▸ What to produce: Go through the data below and copy each line where the word "Blue" occurs.

##### Material for this exercise

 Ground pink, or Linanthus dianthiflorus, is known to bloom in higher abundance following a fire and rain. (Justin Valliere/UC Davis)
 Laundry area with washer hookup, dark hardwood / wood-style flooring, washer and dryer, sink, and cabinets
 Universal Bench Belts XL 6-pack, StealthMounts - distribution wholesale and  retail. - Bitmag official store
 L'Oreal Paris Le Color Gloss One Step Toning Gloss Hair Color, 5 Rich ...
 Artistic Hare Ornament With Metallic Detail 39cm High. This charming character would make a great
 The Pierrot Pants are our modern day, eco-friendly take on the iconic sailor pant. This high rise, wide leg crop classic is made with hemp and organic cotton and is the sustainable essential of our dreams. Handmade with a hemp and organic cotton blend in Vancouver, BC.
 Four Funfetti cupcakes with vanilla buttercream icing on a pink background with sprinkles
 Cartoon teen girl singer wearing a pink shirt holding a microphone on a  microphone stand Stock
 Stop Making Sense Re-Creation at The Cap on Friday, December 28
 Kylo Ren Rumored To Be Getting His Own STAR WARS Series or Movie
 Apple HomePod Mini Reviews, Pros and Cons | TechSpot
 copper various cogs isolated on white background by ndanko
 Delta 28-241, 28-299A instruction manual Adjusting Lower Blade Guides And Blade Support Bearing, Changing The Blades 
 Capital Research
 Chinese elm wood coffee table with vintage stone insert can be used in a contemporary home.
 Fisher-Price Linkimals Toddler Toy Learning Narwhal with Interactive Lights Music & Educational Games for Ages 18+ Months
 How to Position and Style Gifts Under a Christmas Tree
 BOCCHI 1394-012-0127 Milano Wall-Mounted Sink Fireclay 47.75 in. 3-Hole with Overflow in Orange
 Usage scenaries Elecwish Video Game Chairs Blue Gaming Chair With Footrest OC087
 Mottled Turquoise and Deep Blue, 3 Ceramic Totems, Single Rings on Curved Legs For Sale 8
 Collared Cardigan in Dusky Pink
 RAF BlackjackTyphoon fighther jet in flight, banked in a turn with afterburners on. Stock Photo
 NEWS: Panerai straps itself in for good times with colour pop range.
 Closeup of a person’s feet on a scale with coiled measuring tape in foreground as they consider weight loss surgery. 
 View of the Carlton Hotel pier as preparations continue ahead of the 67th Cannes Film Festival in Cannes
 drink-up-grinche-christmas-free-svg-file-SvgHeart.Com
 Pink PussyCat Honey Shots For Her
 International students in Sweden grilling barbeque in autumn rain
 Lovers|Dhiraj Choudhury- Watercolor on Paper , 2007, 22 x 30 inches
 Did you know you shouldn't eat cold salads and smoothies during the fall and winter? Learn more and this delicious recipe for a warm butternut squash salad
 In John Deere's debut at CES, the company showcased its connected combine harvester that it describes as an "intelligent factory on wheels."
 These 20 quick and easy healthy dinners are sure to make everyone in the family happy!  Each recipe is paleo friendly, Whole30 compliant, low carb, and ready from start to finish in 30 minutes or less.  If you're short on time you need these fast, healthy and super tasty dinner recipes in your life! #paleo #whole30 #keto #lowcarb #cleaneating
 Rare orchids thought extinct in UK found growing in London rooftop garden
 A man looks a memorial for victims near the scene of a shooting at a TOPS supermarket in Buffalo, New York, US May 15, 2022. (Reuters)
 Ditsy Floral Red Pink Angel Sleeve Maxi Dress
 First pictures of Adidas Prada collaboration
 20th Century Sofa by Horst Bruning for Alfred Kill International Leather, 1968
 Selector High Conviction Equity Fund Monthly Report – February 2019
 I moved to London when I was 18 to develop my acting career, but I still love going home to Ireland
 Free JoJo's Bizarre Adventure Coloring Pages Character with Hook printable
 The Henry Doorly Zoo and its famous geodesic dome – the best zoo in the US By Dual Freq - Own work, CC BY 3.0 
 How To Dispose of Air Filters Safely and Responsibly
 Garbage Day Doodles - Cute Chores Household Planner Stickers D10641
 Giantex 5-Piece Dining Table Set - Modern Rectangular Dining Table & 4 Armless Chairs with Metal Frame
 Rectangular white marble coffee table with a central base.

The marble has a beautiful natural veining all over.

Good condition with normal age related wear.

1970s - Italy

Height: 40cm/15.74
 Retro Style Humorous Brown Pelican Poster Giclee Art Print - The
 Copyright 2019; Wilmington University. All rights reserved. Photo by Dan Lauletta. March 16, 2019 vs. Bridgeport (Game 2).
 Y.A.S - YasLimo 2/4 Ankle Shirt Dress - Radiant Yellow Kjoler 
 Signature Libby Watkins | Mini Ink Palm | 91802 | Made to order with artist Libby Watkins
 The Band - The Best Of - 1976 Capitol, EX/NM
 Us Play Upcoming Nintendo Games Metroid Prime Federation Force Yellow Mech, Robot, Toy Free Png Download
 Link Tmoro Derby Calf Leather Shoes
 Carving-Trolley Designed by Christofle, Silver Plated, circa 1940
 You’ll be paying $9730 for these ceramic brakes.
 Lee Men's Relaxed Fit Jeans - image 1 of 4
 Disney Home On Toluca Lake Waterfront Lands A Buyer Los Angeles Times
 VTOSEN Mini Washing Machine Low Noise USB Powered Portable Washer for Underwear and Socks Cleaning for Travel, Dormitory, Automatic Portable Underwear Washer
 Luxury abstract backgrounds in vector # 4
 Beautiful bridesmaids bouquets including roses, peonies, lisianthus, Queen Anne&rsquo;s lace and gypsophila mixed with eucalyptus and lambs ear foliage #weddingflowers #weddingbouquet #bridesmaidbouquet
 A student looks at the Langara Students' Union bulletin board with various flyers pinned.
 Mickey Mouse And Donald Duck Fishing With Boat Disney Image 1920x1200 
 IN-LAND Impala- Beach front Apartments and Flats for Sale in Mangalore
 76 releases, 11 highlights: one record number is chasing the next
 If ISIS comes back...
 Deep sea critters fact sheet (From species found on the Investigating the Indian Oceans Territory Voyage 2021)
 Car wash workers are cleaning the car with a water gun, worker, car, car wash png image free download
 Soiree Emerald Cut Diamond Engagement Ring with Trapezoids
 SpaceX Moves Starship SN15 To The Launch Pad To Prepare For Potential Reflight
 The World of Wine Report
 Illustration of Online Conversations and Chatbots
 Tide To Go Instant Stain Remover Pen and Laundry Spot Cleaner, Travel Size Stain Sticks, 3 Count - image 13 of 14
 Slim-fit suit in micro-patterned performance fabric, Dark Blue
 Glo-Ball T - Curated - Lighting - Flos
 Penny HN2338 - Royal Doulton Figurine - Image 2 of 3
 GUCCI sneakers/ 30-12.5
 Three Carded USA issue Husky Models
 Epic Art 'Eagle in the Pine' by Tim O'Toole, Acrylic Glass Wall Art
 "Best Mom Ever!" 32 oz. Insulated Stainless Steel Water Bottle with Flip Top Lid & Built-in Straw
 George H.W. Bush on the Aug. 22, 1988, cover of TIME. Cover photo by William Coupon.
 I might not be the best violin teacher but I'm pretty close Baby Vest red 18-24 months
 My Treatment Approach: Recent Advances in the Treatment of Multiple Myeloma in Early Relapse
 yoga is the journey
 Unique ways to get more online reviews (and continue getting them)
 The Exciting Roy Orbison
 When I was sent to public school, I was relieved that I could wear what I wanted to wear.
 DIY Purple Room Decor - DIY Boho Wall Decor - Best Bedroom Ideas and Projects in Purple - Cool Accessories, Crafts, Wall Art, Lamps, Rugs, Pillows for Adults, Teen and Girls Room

##########

▸ Output for this task:
 Usage scenaries Elecwish Video Game Chairs Blue Gaming Chair With Footrest OC087
 Mottled Turquoise and Deep Blue, 3 Ceramic Totems, Single Rings on Curved Legs For Sale 8
 Slim-fit suit in micro-patterned performance fabric, Dark Blue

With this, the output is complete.